As with taxa, problems with independence and standardisation hinder interpretation of other relationships. In particular, measures of fishing intensity around reserves (Nowliss & Roberts 1997) are difficult to assess because they change over time and it is difficult to compare fishing intensities from different parts of the world (Halpern 2003). The policy community is also interested in the impacts of connectivity (JNCC pers comm.). This is seen as a key element in terrestrial reserve design (Williams et al. 2004), but despite a large literature on issues of marine connectivity there are a paucity of data in a marine context.

Here we attempt to build on the existing syntheses using systematic review methodology (Pullin & Stewart 2006) to address questions regarding the effectiveness of marine protected areas. The use of a protocol will provide clear evidence of a priori reasoning and will allow the marine and meta-analytical communities to comment on methodology.

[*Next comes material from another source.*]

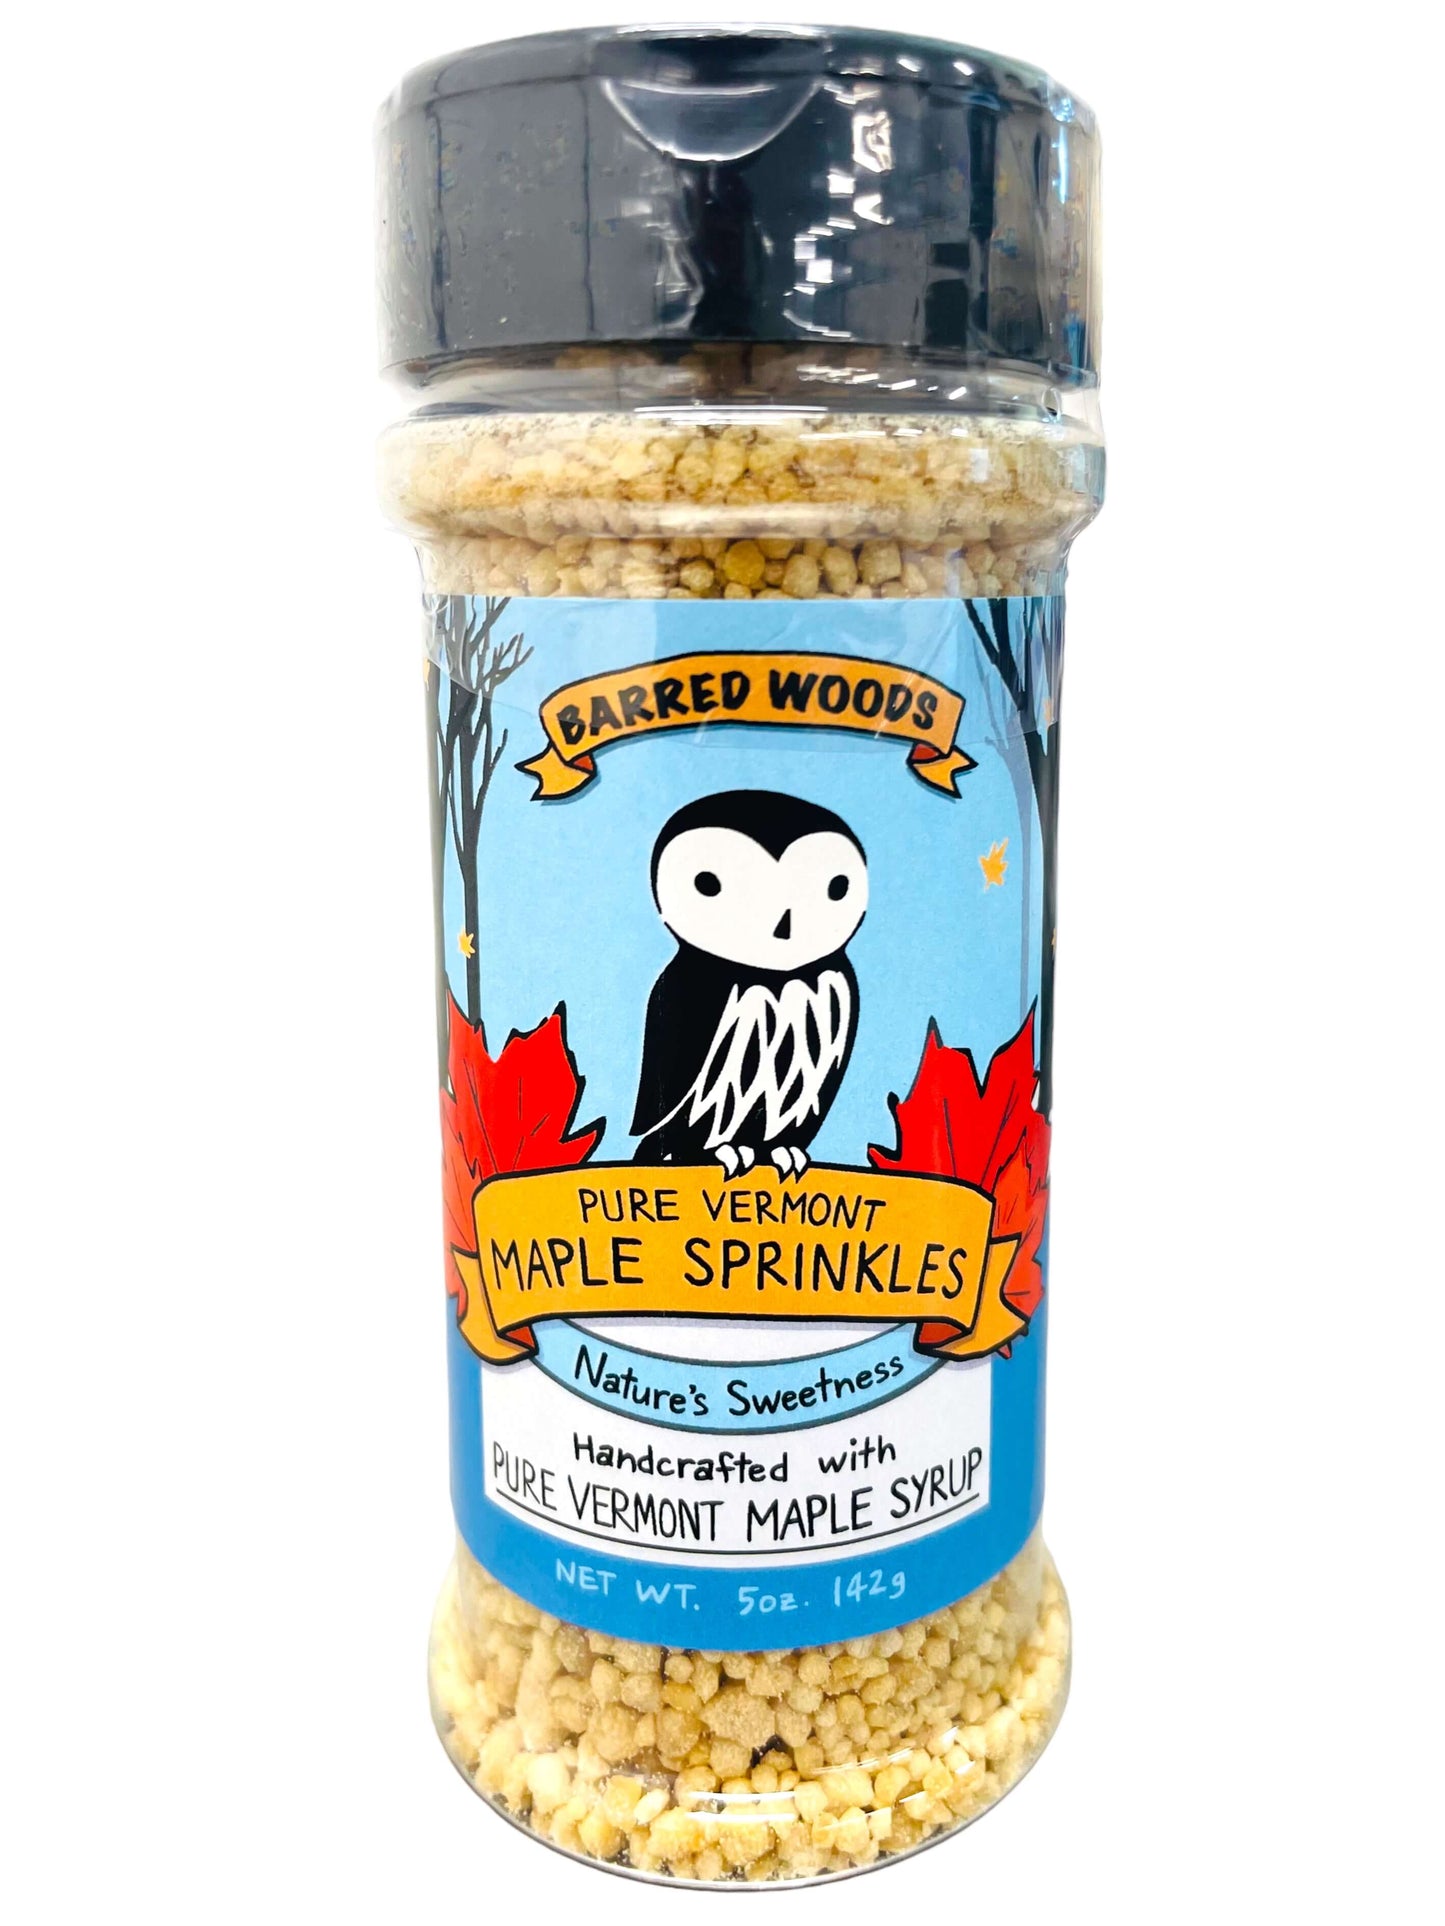 Pure vermont maple sugar sprinkles. These small maple pebbles provide a nice maple crunch

Broadening the scope of the quantitative analyses will provide a larger sample size providing more statistical power to address the questions regarding variation in effectiveness, whilst simultaneously reducing the probability of confounding. The use of a transparent methodology will minimise bias and allow updating of the analyses when more data and more sophisticated meta-analytical techniques become available. The review will also allow discrepancies in the magnitude of effect between the existing syntheses to be explored. Cote et al. (2001) found a non-significant 25% overall increase in fish density in marine reserves whereas Mosquera et al. (2000) indicated a statistically significant 3.7-fold overall increase and Halpern (2003) an approximate doubling. Confounded baselines have been suggested as a primary reason for this variation (Edgar et al. 2004), which could result in widely different policy implementation regarding marine reserves. A further problem with existing syntheses is the over-representation of MPAs in tropical reef systems. This reflects paucity of knowledge regarding the impact of MPAs in temperate non-reef systems, particularly on soft sediments, and offshore (MEA, Kaiser et al. 2006.). Here we will examine any variation in effectiveness across habitats using marine classification systems to define subgroups, and will explicitly search for data from soft sediment systems.